:: Action item ::
Give back the whole listing verbatim, printing none of its pictures.

:: Source material ::
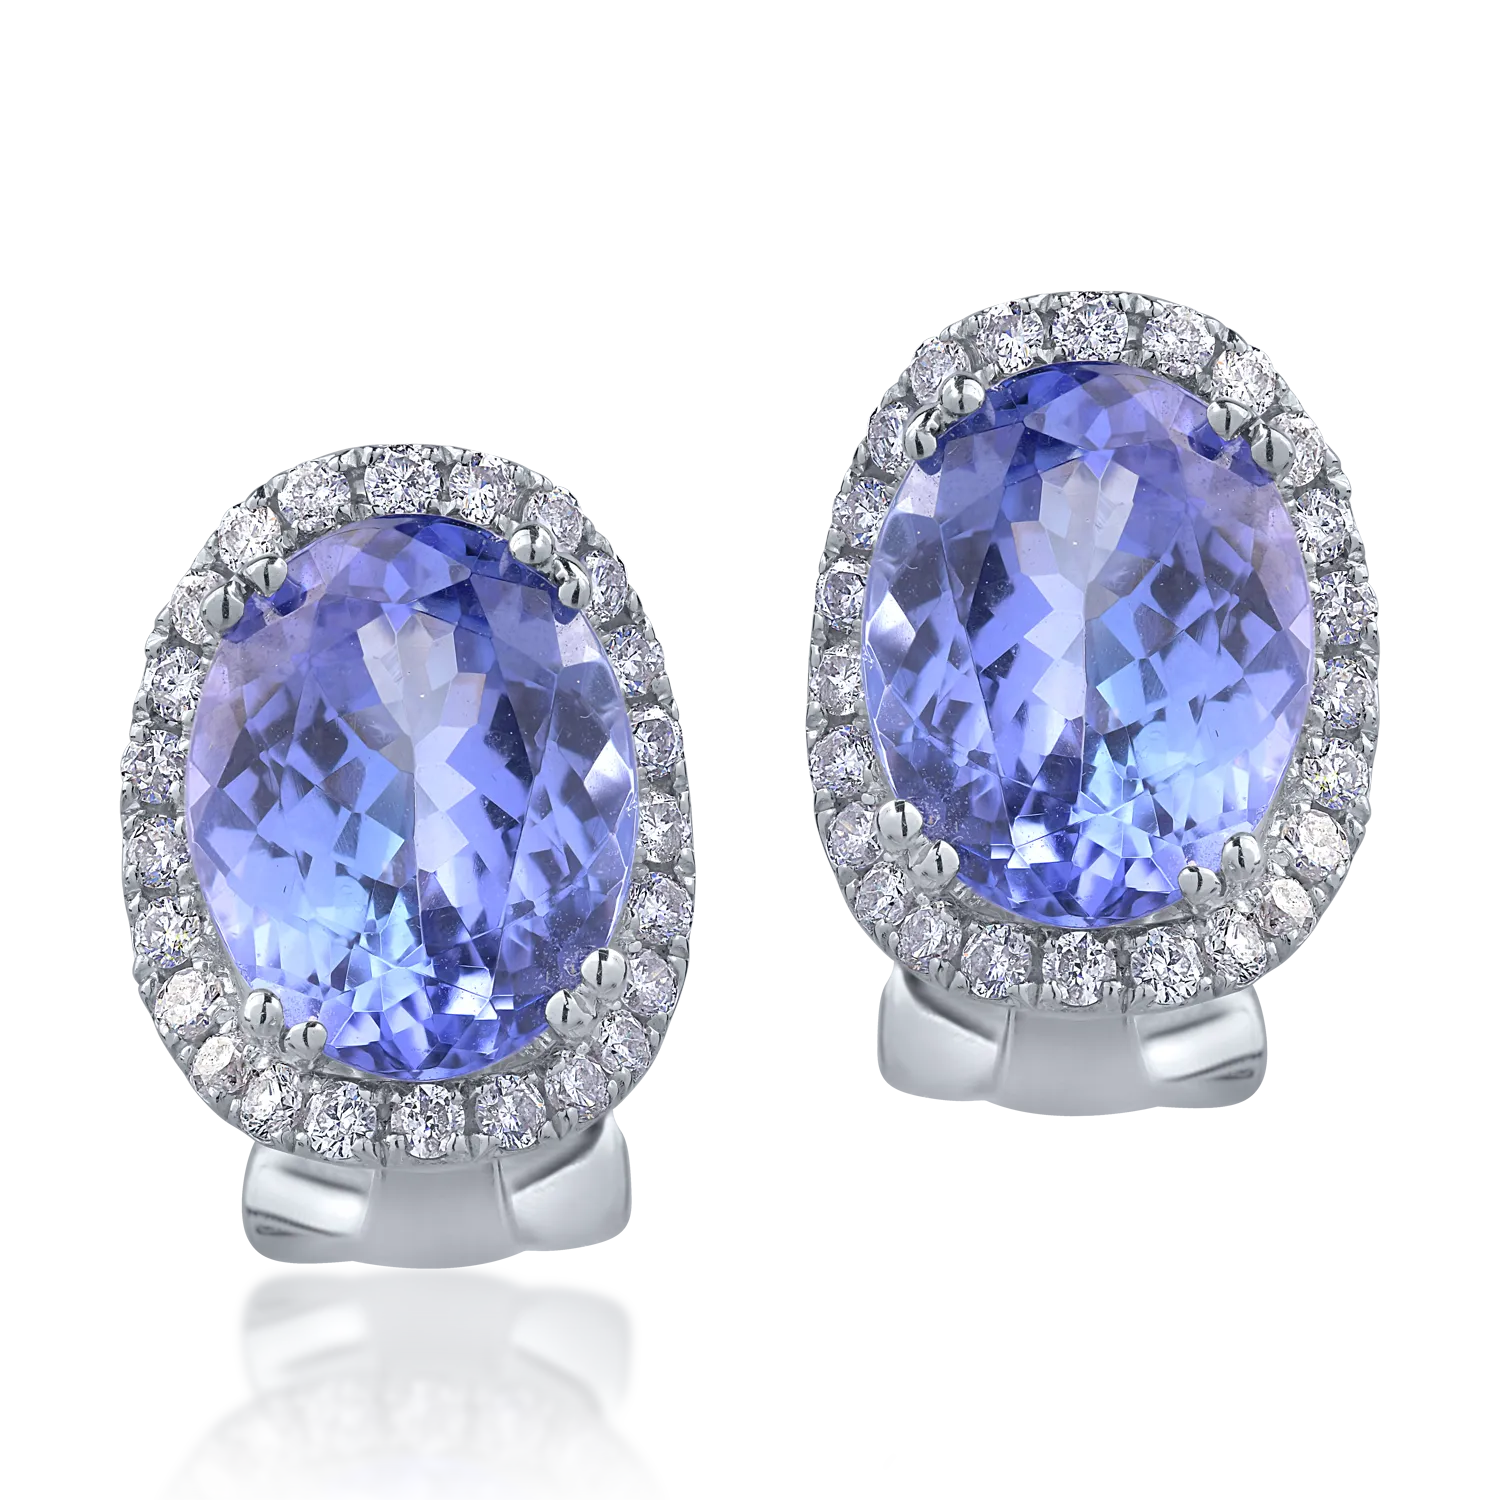 14K white gold earrings with 4.74ct tanzanites and 0.38ct diamonds
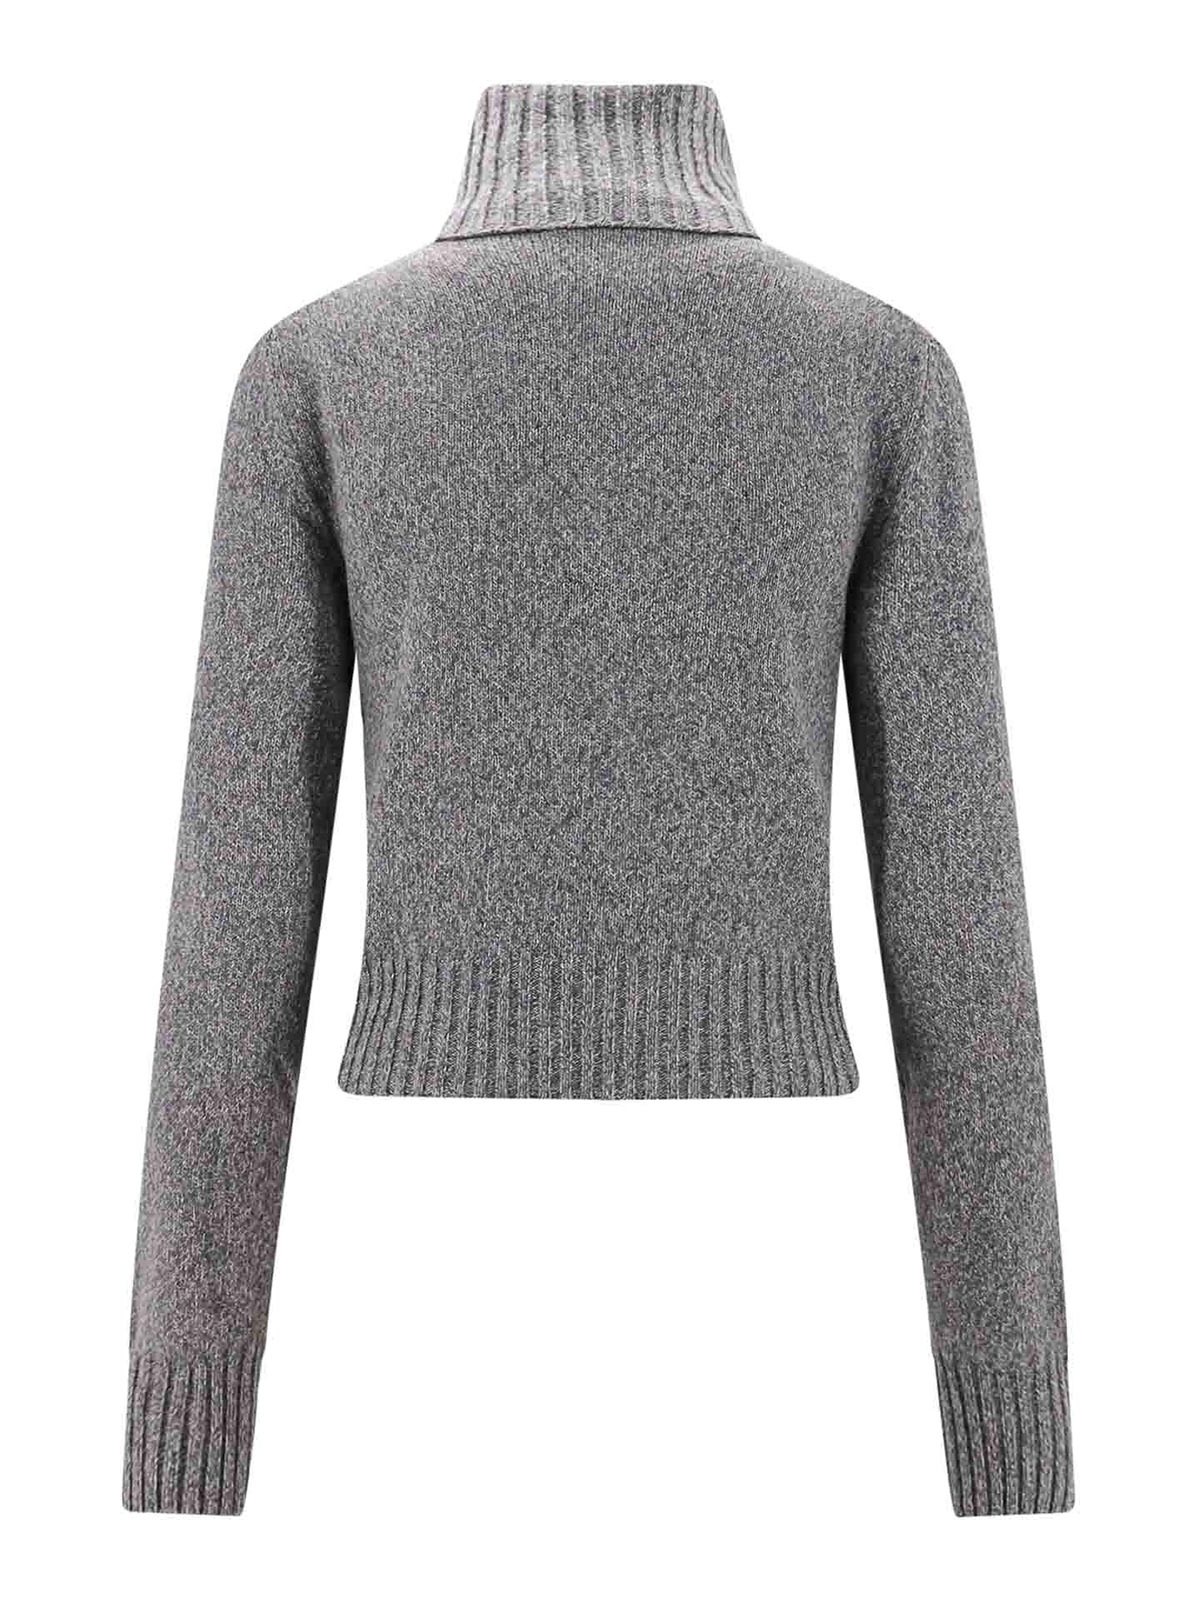 Shop Ami Alexandre Mattiussi Cashmere And Wool Sweater In Gris
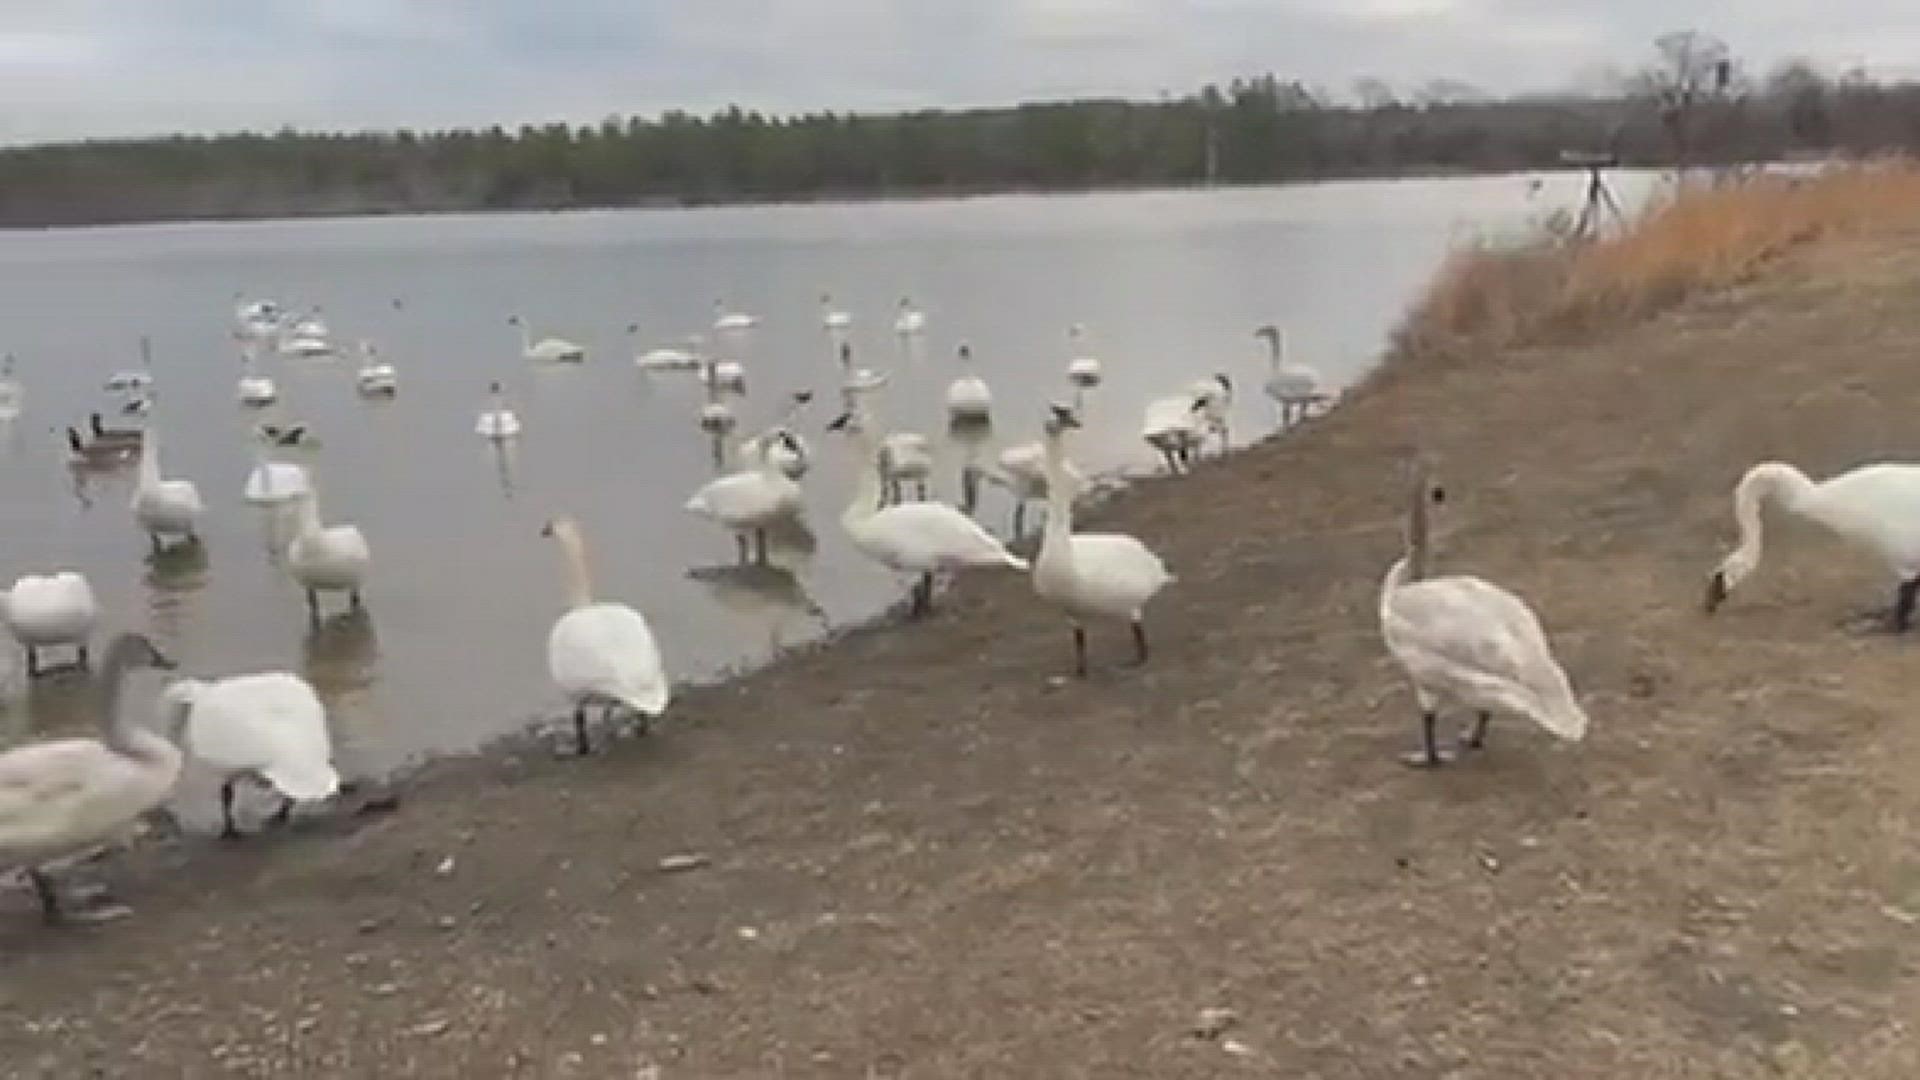 Cell phone video taken on Hiram Road in Cleburne County.  The swans will be here a couple of more weeks
Credit: Kenny Nations

:: Your solution ::
 14K white gold earrings with 4.74ct tanzanites and 0.38ct diamonds
 Shop Ami Alexandre Mattiussi Cashmere And Wool Sweater In Gris
 Cell phone video taken on Hiram Road in Cleburne County.  The swans will be here a couple of more weeks
Credit: Kenny Nations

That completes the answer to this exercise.